Logbook entry

First Time for Everything

11 Apr 2021Kryonys
Sitting in a cockpit, seeing the empty black surround you, engulf you, minimize you; knowing that your are but a speck in a vast, seemingly unending expanse; feeling the cold dark crawl endlessly across your skin; hearing every creak and groan of metal as your hurdle through the deep void of space; it just never seemed like a feeling to be put into words. It was an experience. A life changing, soul piercing, existence questioning phenomenon sitting behind the cold metal controls of a ship capable of taking man across vast stretches of our galaxy. Something humankind had been doing for centuries to this point, something so commonplace that most saw it more a burden than a blessing. Even typing this now, I can't find the words to truly describe being alone in deep space, being the first living being to ever lay eyes on the planets, stars and what else might be lurking in whatever system caught your eye. There is no feeling like pulling up your charts and knowing that home isn't just a quick hop away, but across a stretch of space and time that few men in history will every have the experience of running. Capturing that feeling in a log book just never seemed quite whole and truth be told, I still don't think you can, and yet I find myself here, rambling on about something infinitely more empty than full. I guess that's the rub though right, the draw to the black, knowing it is more empty yet still finding that rare gem hidden in a dark corner.

My father never had that itch, he never felt the pull, he would say he saw what "the black" did to people. He would tell me stories about the hollow looks, the empty vessels of skin that the black turned pilots into. He was an old traditionalist, whatever that meant to someone living on a space station, that didn't see the allure of space. He was content to turn a wrench, fire a plasma cutter and eat a dinner at the table with his family each night. I couldn't have been more different. I had the bug (not a thargoid, that would be silly) to see what the expanse had for me. Maybe it was nothing but I had to know, I had to try to find my hidden gem. He spent years teaching me to work on the ships that would pass through in hopes that the stories I would hear from the wayward adventurers would fill my sense of wonder or scare me out of it. Neither worked and as I grew older he could sense it I think. He still always pushed me away from space but being older now, I just didn't recognize that he had given in to me becoming a spacefarer by the time I had reached my teen years. He would never admit it to me himself before he passed, words weren't his strong suit and he wasn't one to talk much, he was a man content to let his actions speak for him. I was just 20 years old when he passed, certainly not a child but by no means a man and now I would be tasked with running his shop and taking care of the family. But that wasn't dad's plan. No, he had been saving and planning for decades. Mom and him were going to settle planetside on the beach, something he had surprised mom with shortly before passing. No more wrenching, no more labor, no more bad pirate stories from drunken Imperial numpties, it was time for mom and him to enjoy planet life. And for me, the biggest shock of them all: my very own Faulcon DeLacy Sidewinder Mk1. Mom said he had spent years saving and working through contacts to get me this ship, she said he found it amusing that as she and him were about to ground themselves planetside while shooting me off in the opposite direction. He knew my dreams and spent his life making sure I truly wanted to reach for the stars and before he left us, he made sure I got to. Mom went planetside just like the plan and I shot off to the stars, the man's action speaking louder than any words could.

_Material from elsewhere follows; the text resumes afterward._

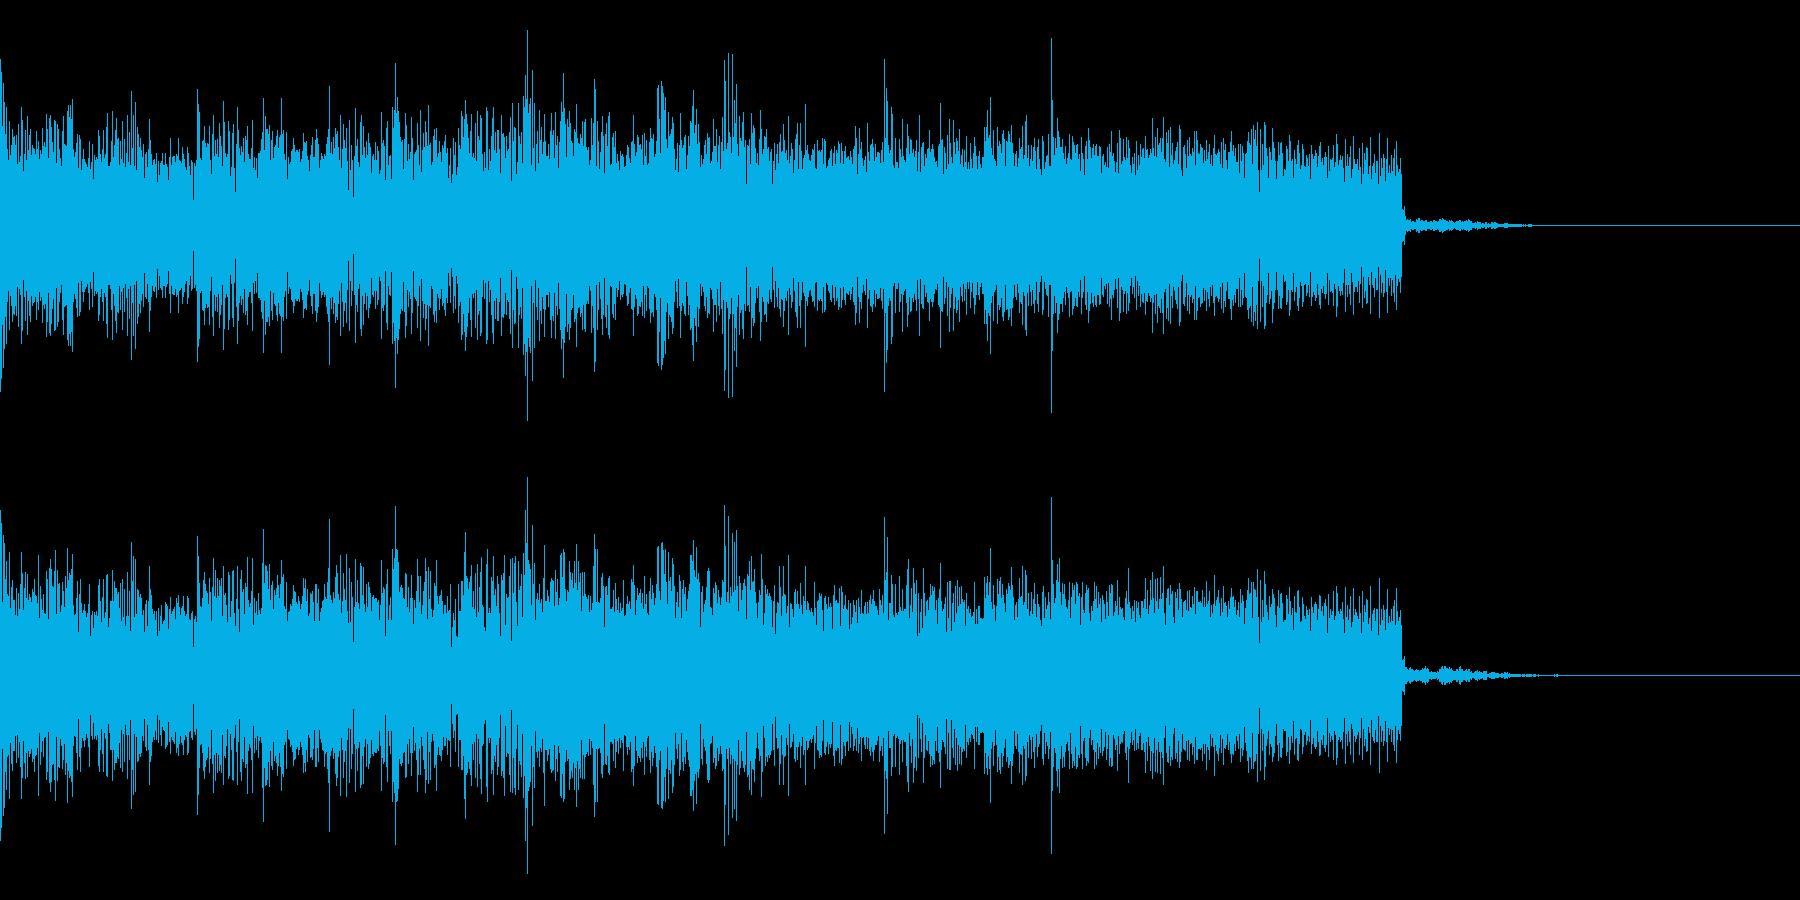 ハードロック、メタル系の場面転換 の再生済みの波形
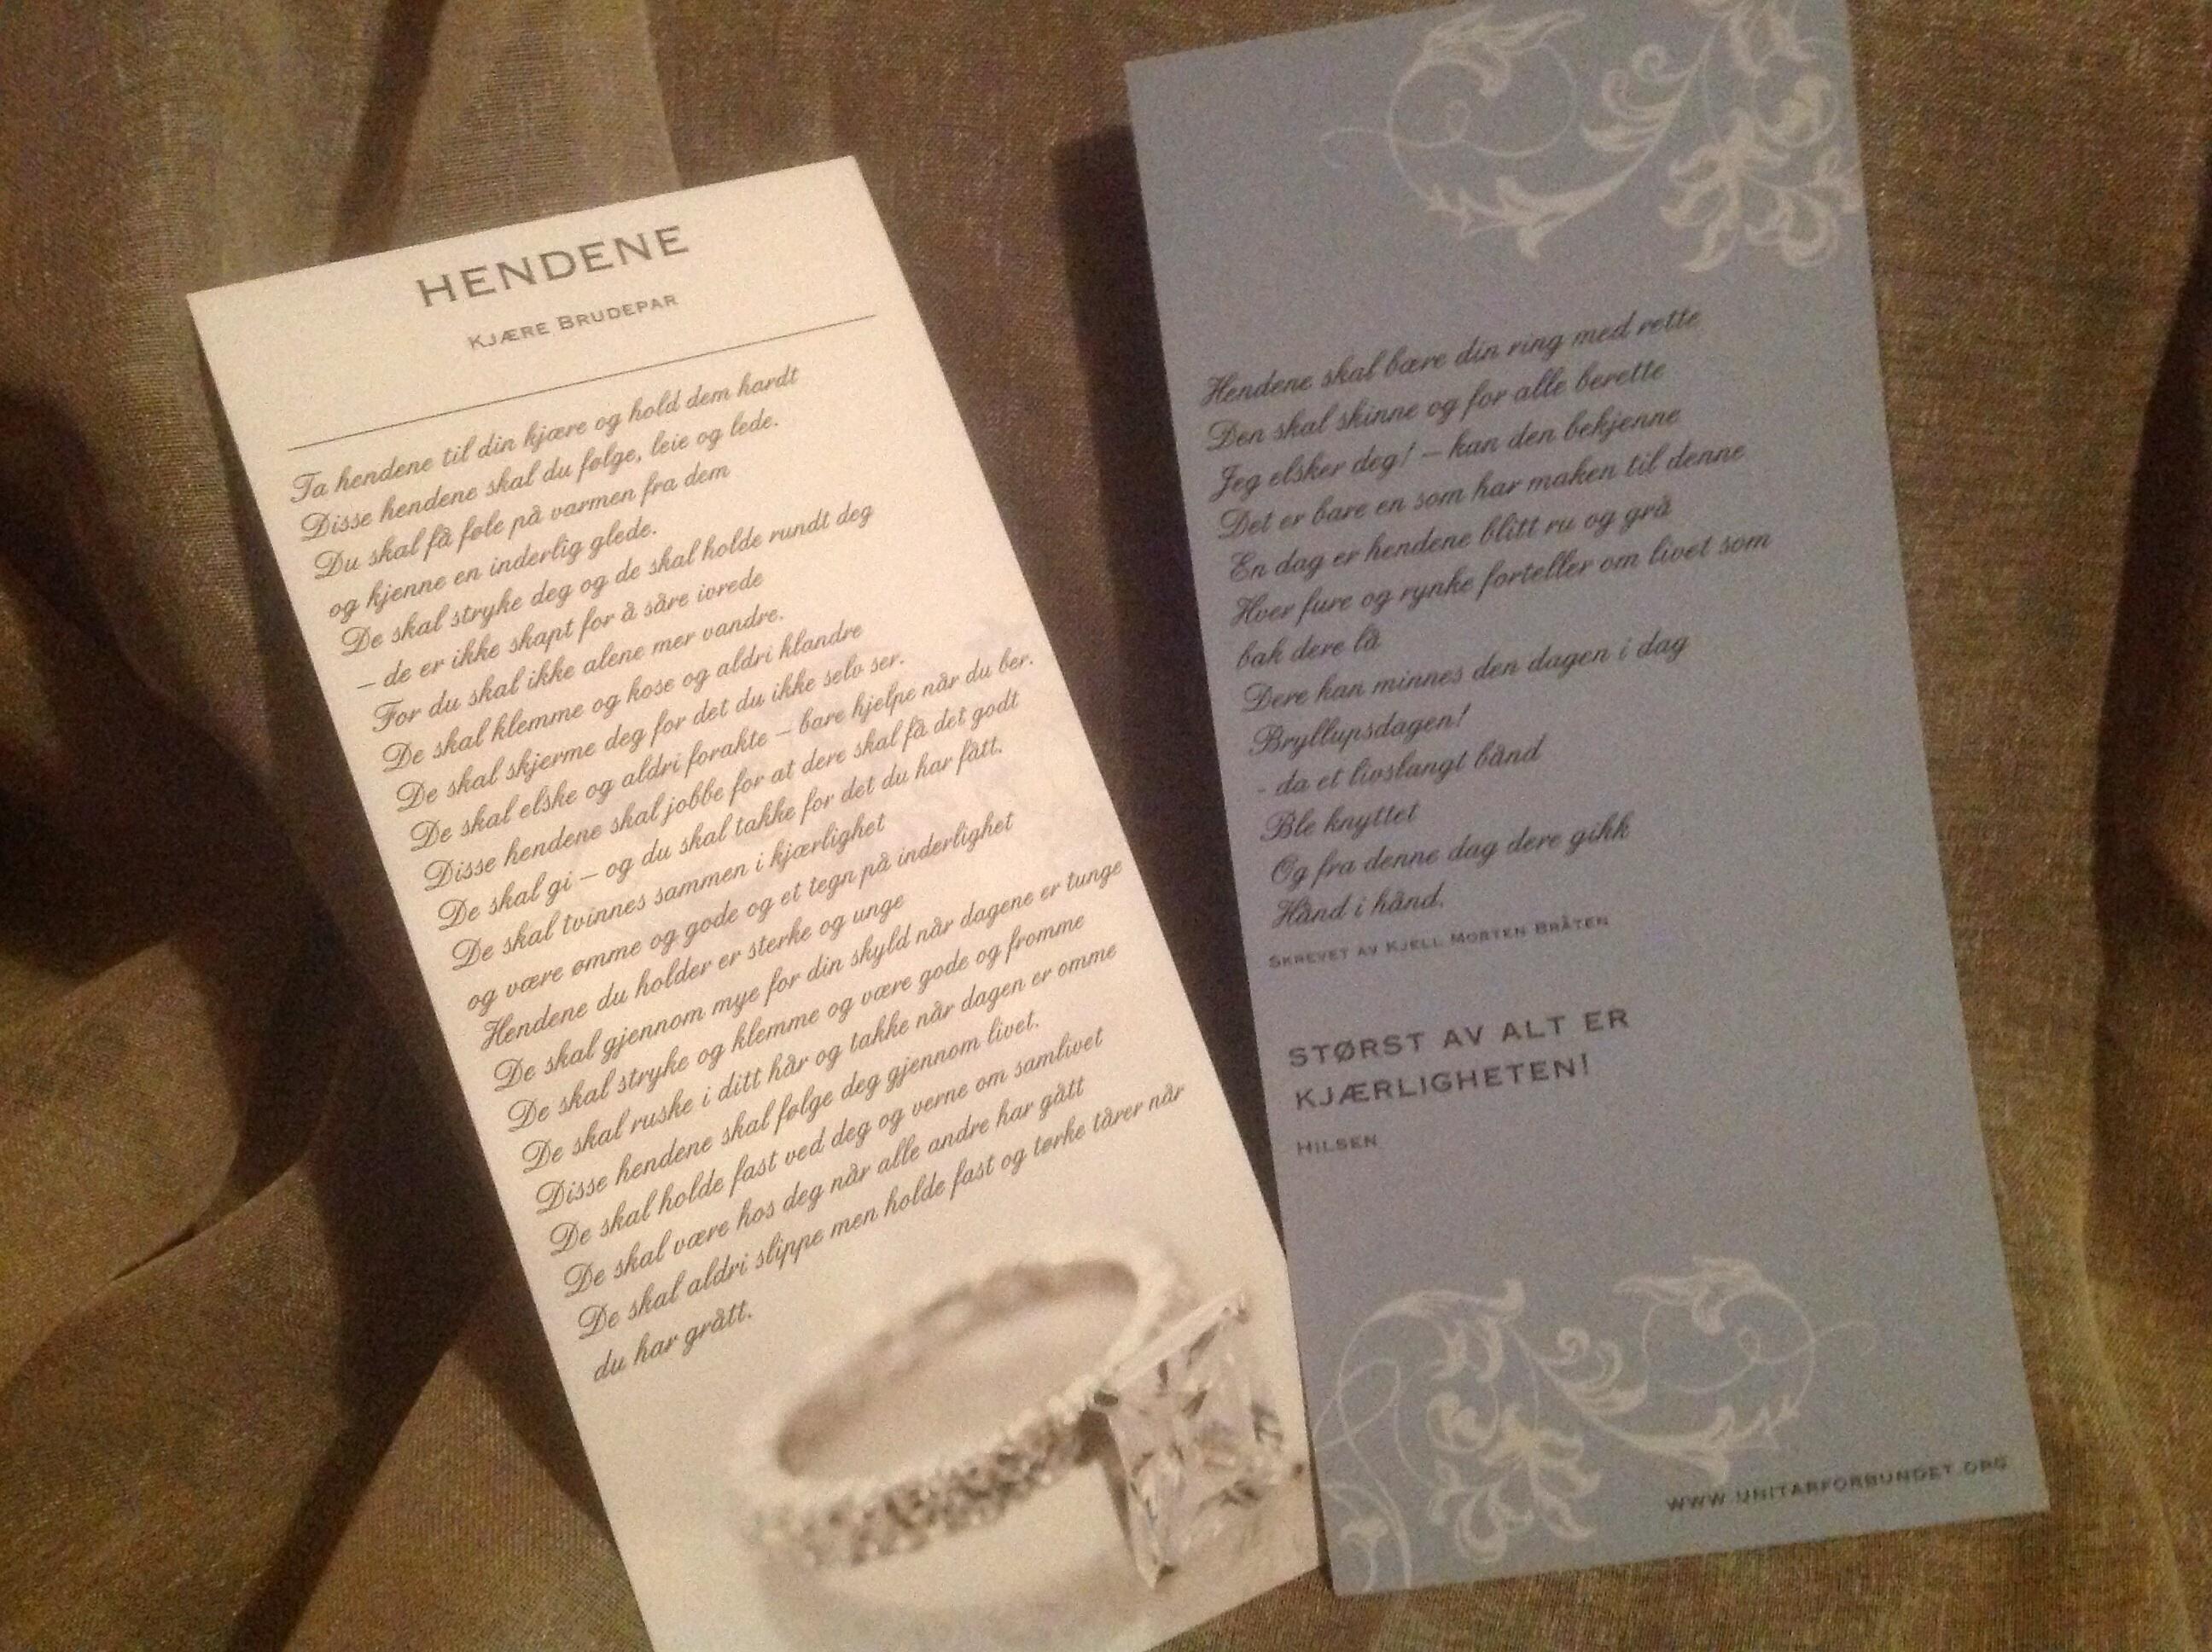 morsomme dikt til brudeparet

It's been over a decade since he passed. I've collected ships he would be in amazement of, ships larger than anything dad could have every imagined. I've spent countless hours wandering through the dark, seeing things no man has before, pushing myself to extremes man may have never though possible. From passenger runs at Robigo in my first Dolphin, to defending mining sites in Valtam in a Chieftain, to realizing the prowess and beauty of the Krait sisters and science expeditions in the mighty Anaconda, I have experienced more than I ever deserved. But I still own that Sidewinder. Not because I fly it often, not because it is exceptional for anything in particular. No, I keep it because of what it represents. Something more than words can say. Something more than pictures can show. Something more than a story can tell. It represents a feeling. A feeling each Commander knows but deep down can't quite describe just right because in the end, it is a feeling unto its own.